Ivan Ivanovich Kotov (, Ivan Ivanovich Kotov; born 24 March 1950 - died 21 November 1985 ) was a Russian double bassist.

Life 
Ivan Kotov was born in Moscow, Soviet Union, to the mathematician Ivan Ivanovich Kotov and to the mathematics teacher Nina Fominichna, born Klubnichkina.
He began playing cello at the age of seven and was accepted to the Central Music School at the age of nine and transferred to a double bass class. Ivan Kotov graduated from the Moscow Conservatory where he studied with Evgeny Kolosov.
 
In 1973 Ivan Kotov has been awarded 1st Prize unanimously and all special prizes and become the first double bassist to win 1st Prize at the Geneva International Music Competition.
Ivan Kotov was the first Soviet double bassist - laureate of an international competition.

Since Ivan was a student, Ivan worked at the Symphony orchestra of the Moscow Philharmonia under the baton of Kirill Kondrashin and at the State Symphony orchestra under the baton of Evgeny Svetlanov.  Ivan Kotov was one of the musicians who founded the Moscow Chamber Music Theater.

"Ivan Kotov, double bass, is a musician of huge intelligence and cultured musical taste. It is almost impossible to overestimate the great commitment of all performers, 
who have undertaken to bring to the audiences new compositions. Ivan Kotov and his music deserve special recognition." "Our Creative Reserves on Podium". Soviet Musician, 5th April, 1972.

Ivan Kotov has actively promoted and premiered works of Russian avant-garde composers such as Sofia Gubaidulina, Dmitry Smirnov, organist and composer Oleg Yanchenko, Sandor Kallos, who dedicated "Seven Ricercars" for Bass Solo to Ivan Kotov.

As a soloist, Ivan Kotov performed with such orchestras as Orchestre de la Suisse Romande, Moscow State Symphony Orchestra, Moscow Chamber Orchestra, with conductors Armin Jordan, Veronika Dudarova, Lev Markiz.

"In Ivan Kotov`s virtuosity, mastery and freedom with which he plays his instrument , one overcomes the inhibitions about the "limits" of the double bass." M.Ovchinnikov. Soviet Music. November 1973. "Young Musicians Performing".
"I would like to start with the double bass, - said Elena Novikova, Ministry of Culture. " It is first time ever that our musicians competed in this instrument. It was a demanding contest. 31 contestants have been admitted to the First Round, which was held behind the screen. Second Round gave the platform to 7 contestants, and third - three only. Among those three musicians was Ivan Kotov. His virtuoso performance of the Divertimento by the contemporary Swiss composer Zbinden was especially successful. Ivan Kotov is a Muscovite and a student at the Moscow Conservatory." Pravda, 1st October, 1973. "Laureates Have Been Named"

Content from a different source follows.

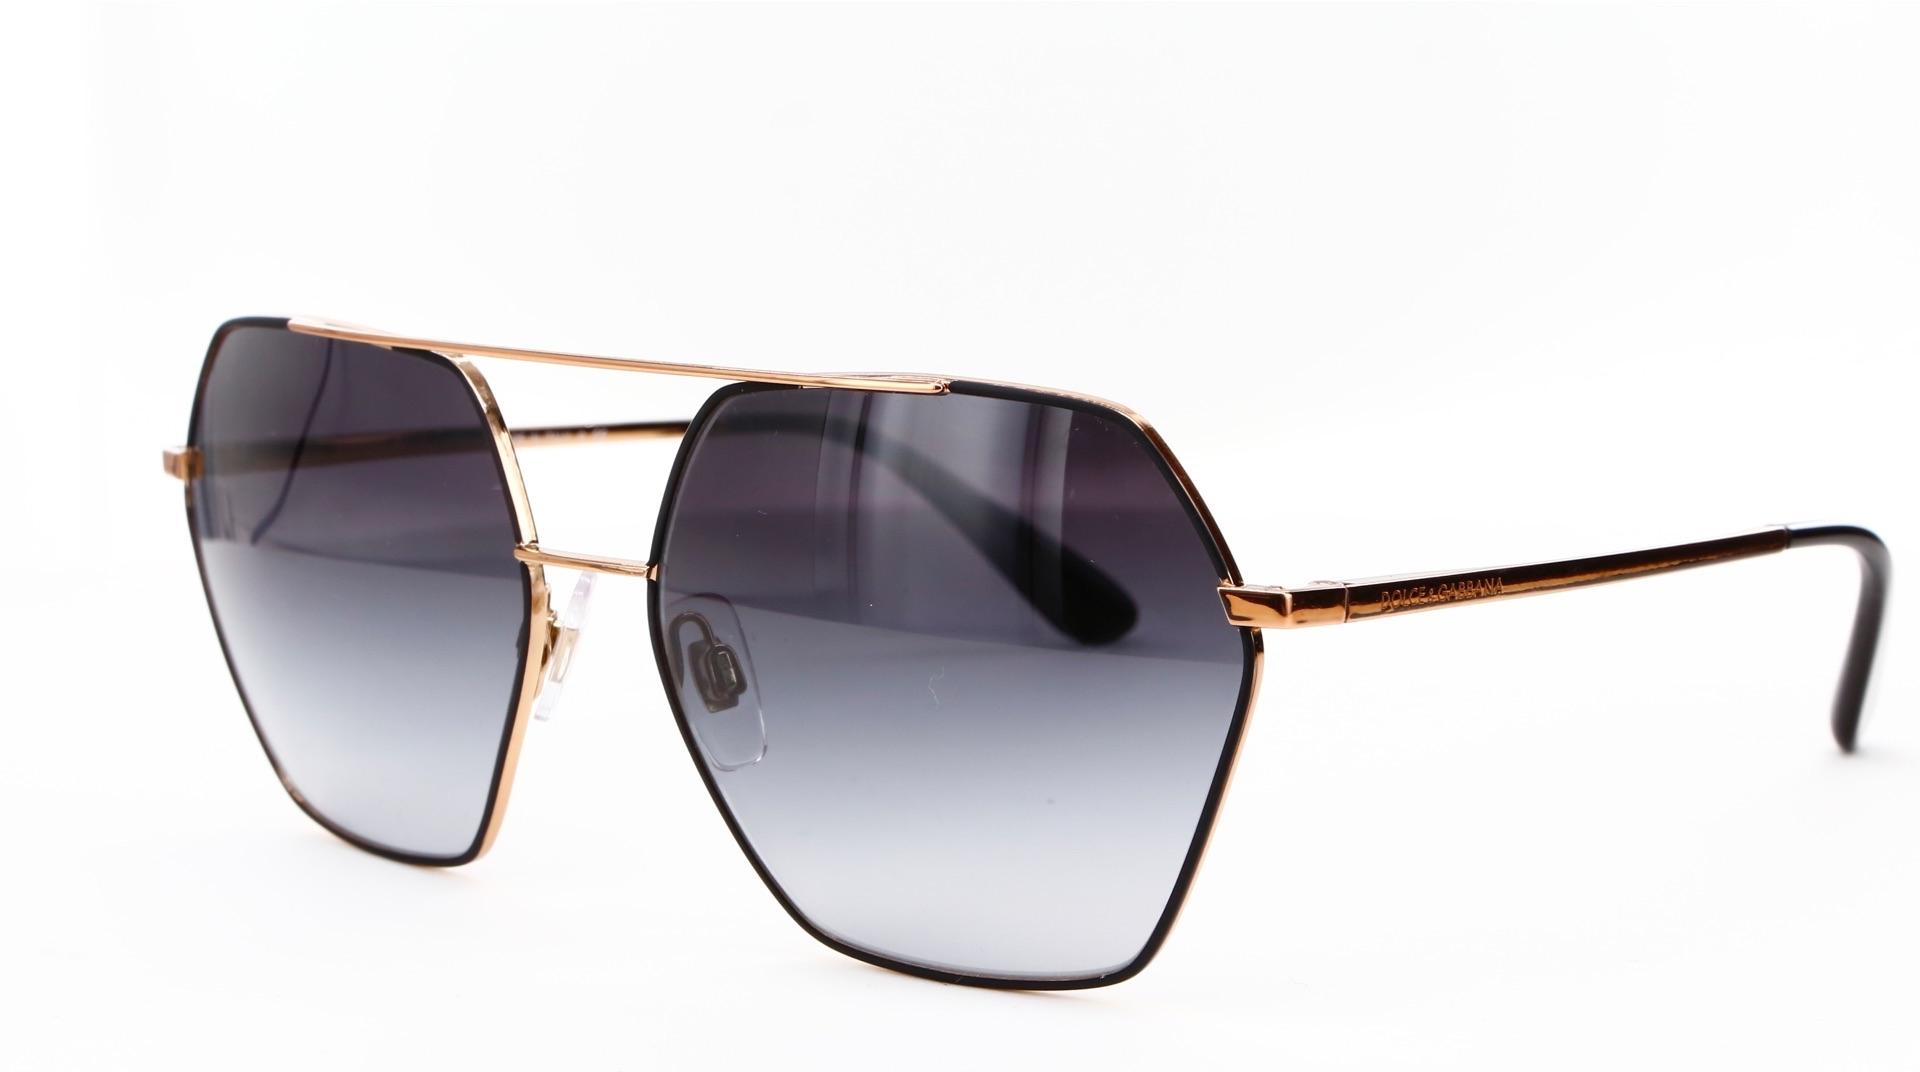 Dolce & Gabbana - ref: 79390
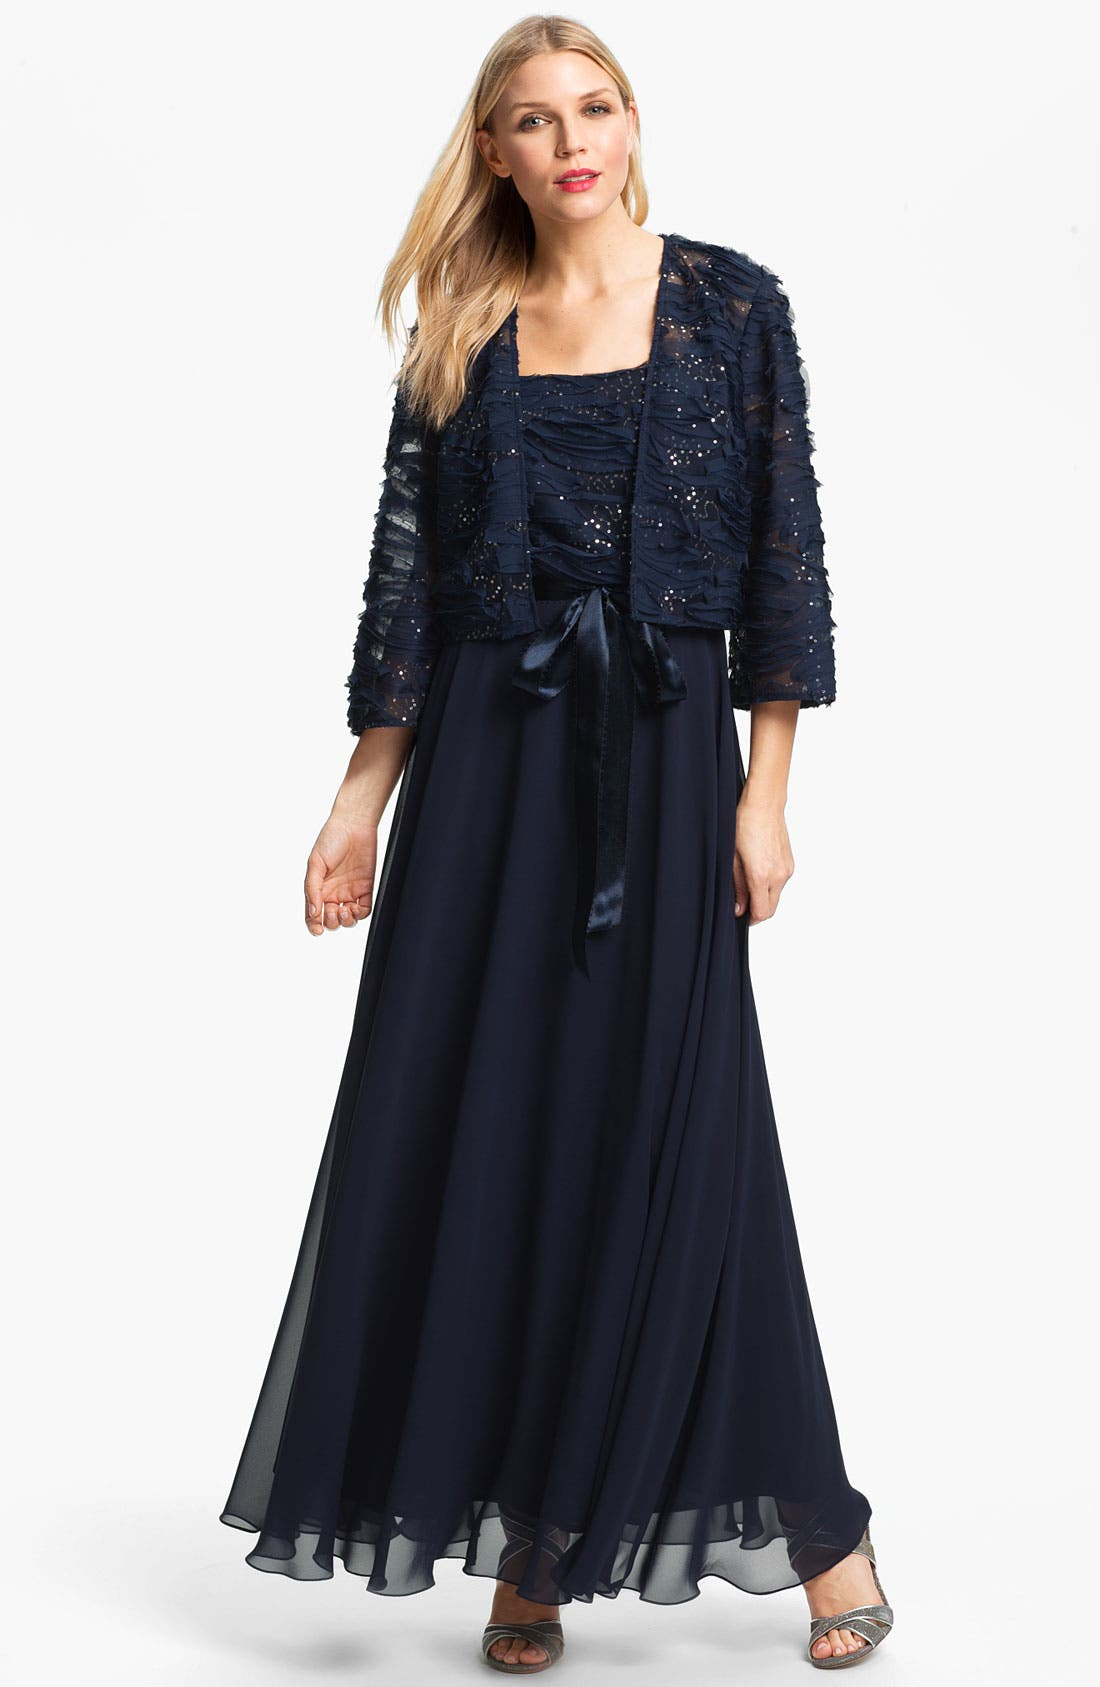 Alternate Image 1 Selected - Patra Embellished Chiffon Gown & Jacket

Ivan’s sparkling temperament and his rebellious sort of " joie de vivre"  did not fit into the box of "a politically reliable citizen" in the police state of the Soviet Union. He was often subjected to continuous "hounding" and public humiliation and was often taken off the touring list and off the plane to prevent him from appearing in the West. After several years, when he became ill, the authorities stopped him from getting proper treatment from his doctors.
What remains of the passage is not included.